Grex Consumer Item 105: Superficial C/Java Comparison
Entered by remmers on Mon Oct 18 15:56:36 UTC 1999:

 I'm bored, so I think I'll post the following: 

 Here's a C program to count the number of whitespace characters in
 standard input:
 
        #include <stdio.h>
        #include <ctype.h>
        
        int main(void)
        {
          int c;
          int sp = 0;
          while ((c = getchar()) != EOF)
            if (isspace(c)) ++sp;
          printf("spaces: %d\n", sp);
        }
 
 
 Here's a Java program to do the same:
 
        import java.io.*;
        class JavaWhite {
            public static void main(String[] args)
            throws IOException {
                BufferedInputStream in = 
                    new BufferedInputStream(System.in, 1024);
                int c;
                int sp = 0;
                while ((c = in.read()) != -1)
                    if (Character.isWhitespace((char)c)) ++sp;
                System.out.println("spaces: " + sp);
            }
        }
 
 Running the C program on a 1Mb file and timing it with /bin/time gives
 the result:
 
 real        0.1
 user        0.1
 sys         0.0
 
 Reading the same input file, the Java program's times are:
 
 real        0.9
 user        0.8
 sys         0.1
 
 Comments?

6 responses total.



#1 of 6 by scott on Mon Oct 18 19:32:50 1999:

Interesting item for the Consumer conference.

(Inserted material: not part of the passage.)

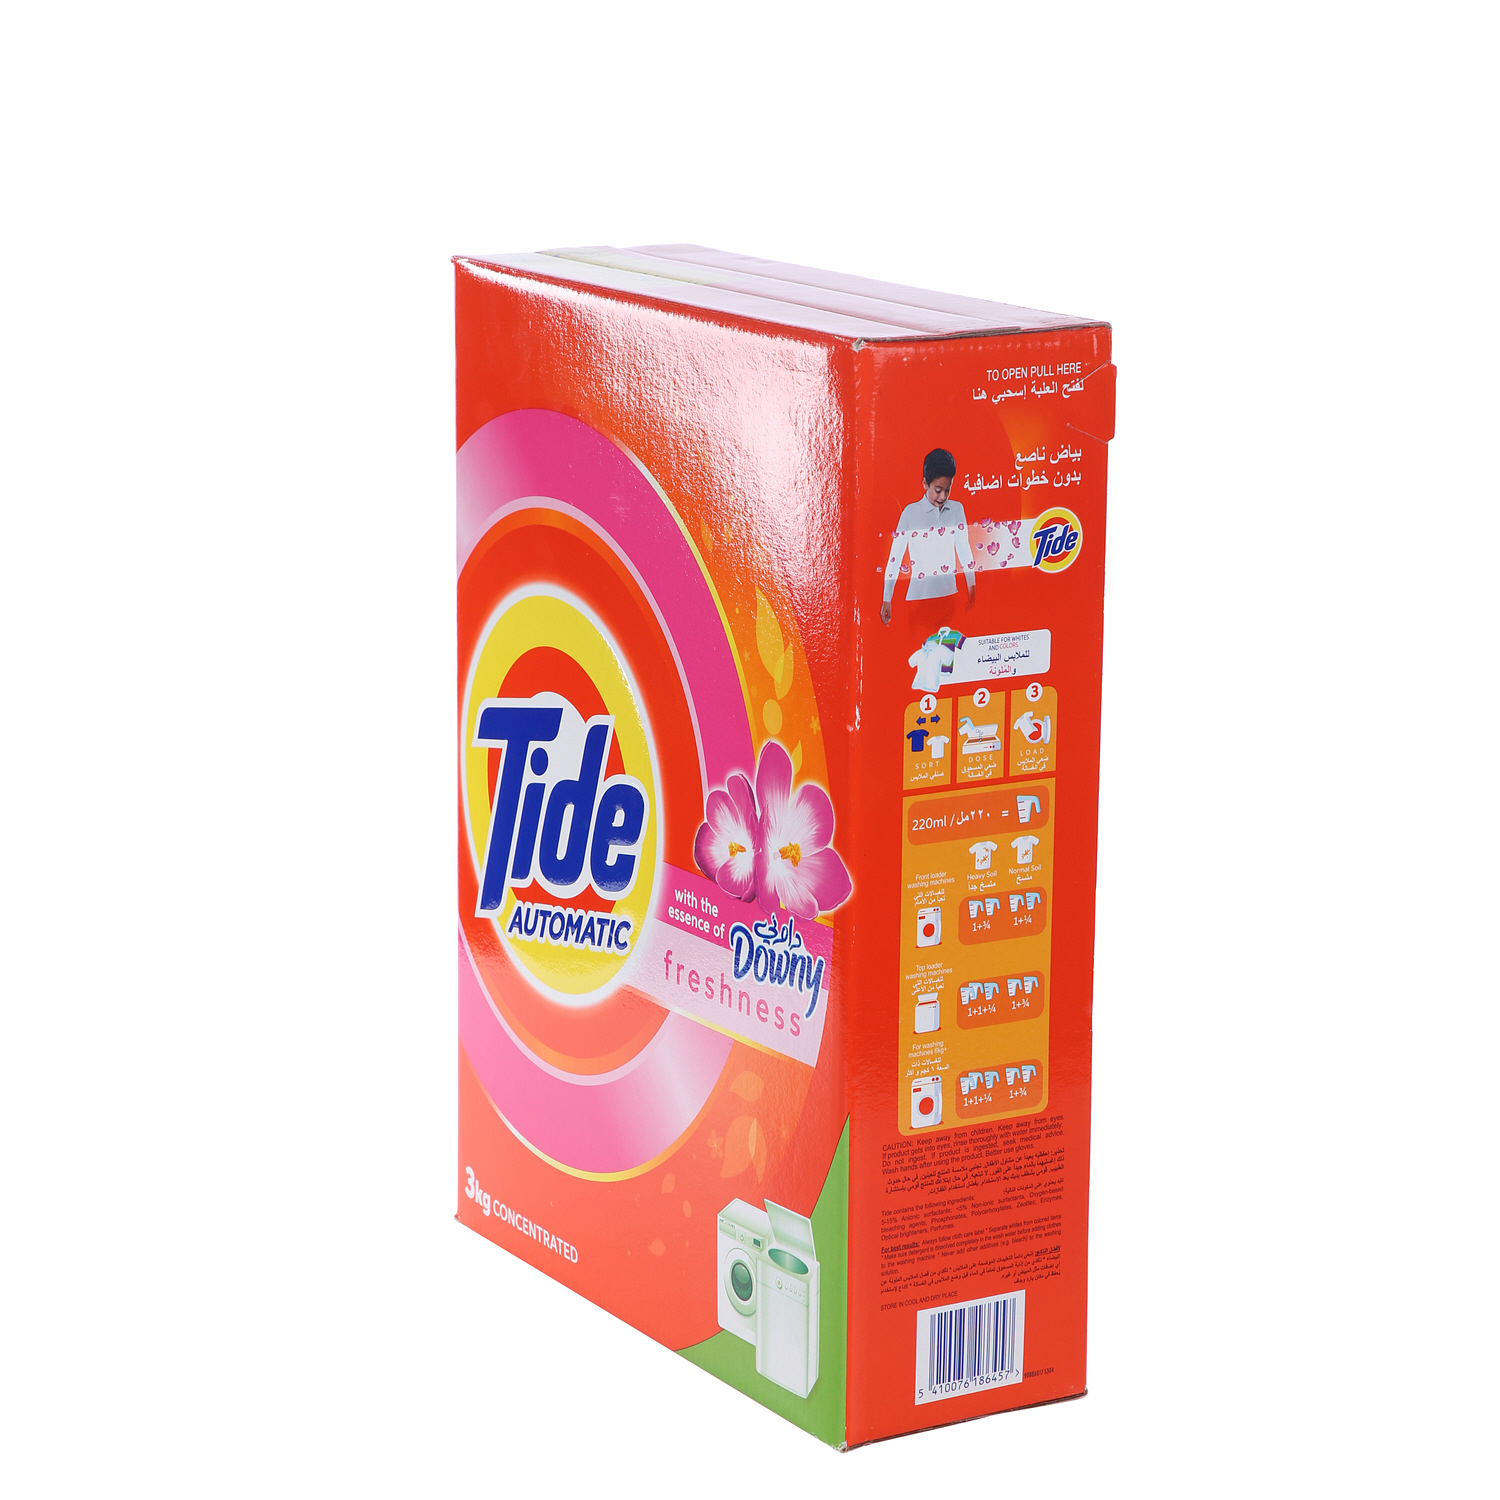 Tide Automatic Detergent with Downy Freshness 3 Kg

Is this a compiled Java program?  


#2 of 6 by i on Tue Oct 19 00:57:43 1999:

My first thought was that the c program should enjoy a much larger speed
advantage over the java.  A peek at the c code shows why it's "slow" - 
it's optimized for source code compactness & readability.  (Though 
counting "whitespace characters" (there's several of 'em) instead of
just spaces makes it much slower on 'most any general-purpose CPU.)

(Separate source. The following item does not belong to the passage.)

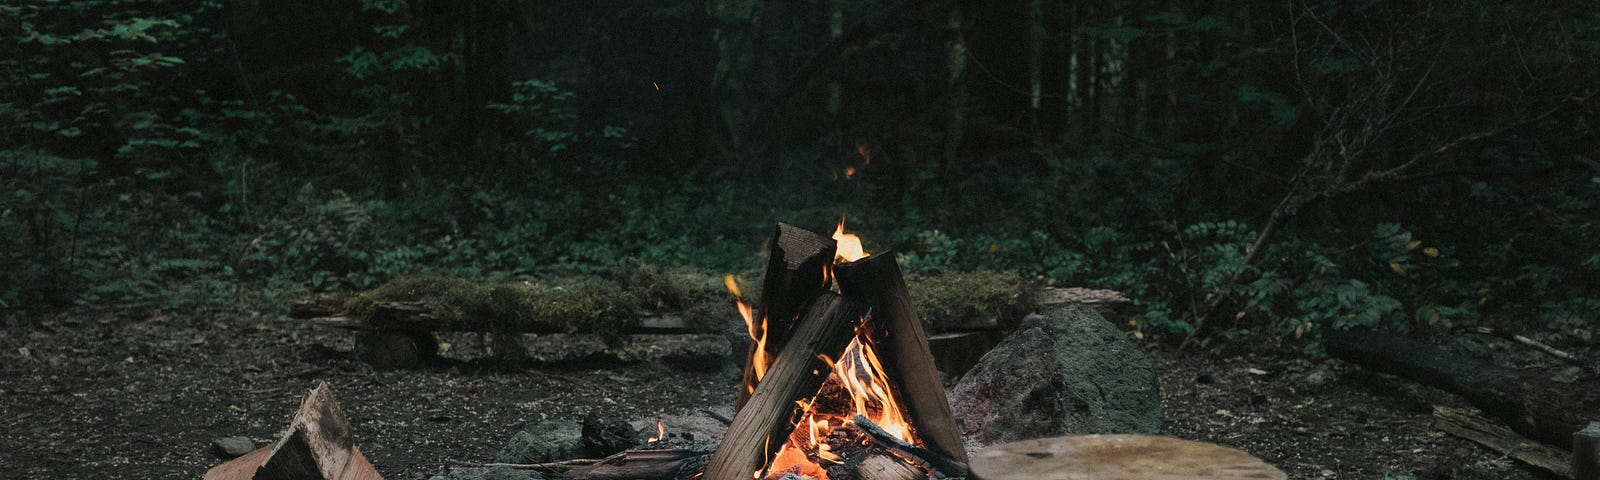 Campsite with a fire.

#3 of 6 by remmers on Wed Oct 20 18:52:06 1999:

(Opps!!  I meant to post this in "jellyware", not "consumer".
Well, feel free to comment anyway. You might turn this into a
discussion the relative benefits of C and Java for consumers...)

<remmers blushes>

Out of curiosity, how would you make the C version faster?

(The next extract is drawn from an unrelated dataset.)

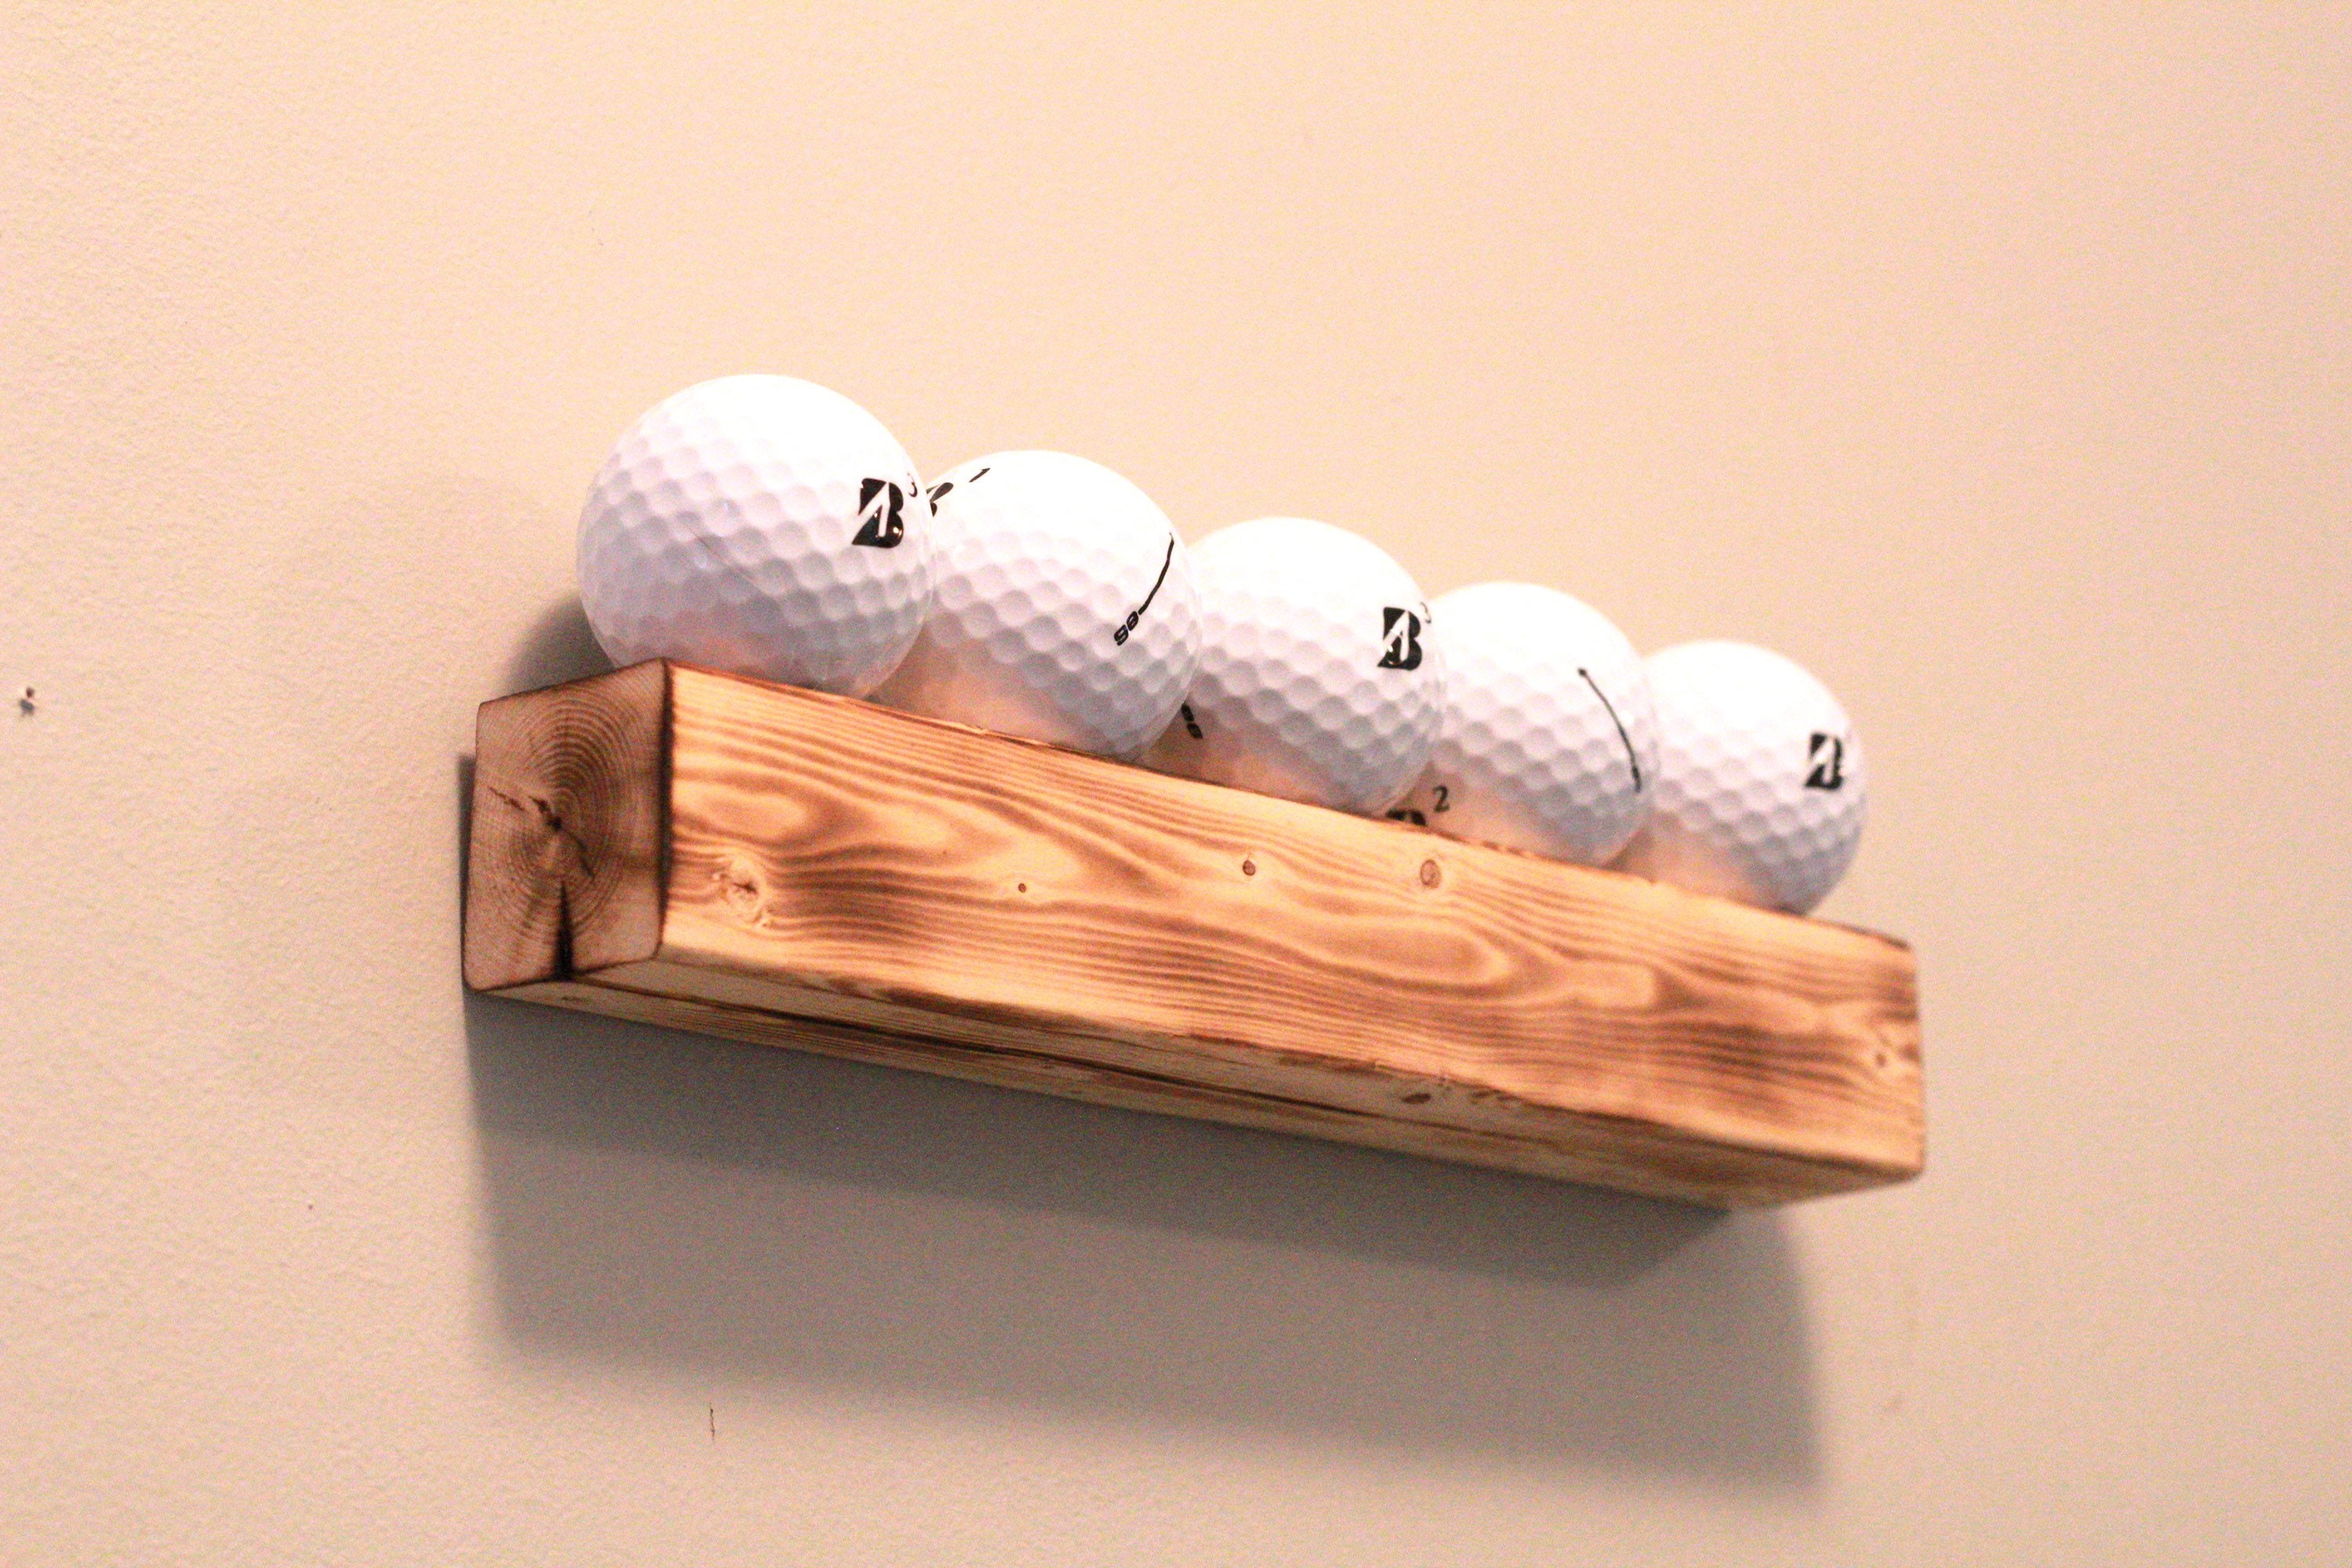 Tiered Golf Ball Holder, Wall Mounted Black Wood Golf Display Case Cabinet Shelf, Holds 16 Balls

#4 of 6 by i on Sat Oct 23 04:38:22 1999:

<i peeks at a few things & plays around>
It looks like the local version of C takes care of the first three
things i suspected might drag down your code's speed - overhead of
calling getchar(), overhead of calling isspace(), and non-lookup-
table logic in isspace().  That leaves the overhead of reading one
character at a time from stdin and (minor) bit-fiddling in the local
isspace()'s lookup table.  

Running your code against /vmunix, i got times of 1.3/1.2/0.1 by 
compiling with gcc -O2.  Hacking it to take input in large blocks
(with fread), use its own isspace() lookup table, and unrolling the 
innermost loop a bit, i got times of 0.7/0.5/0.1 (same gcc -O2).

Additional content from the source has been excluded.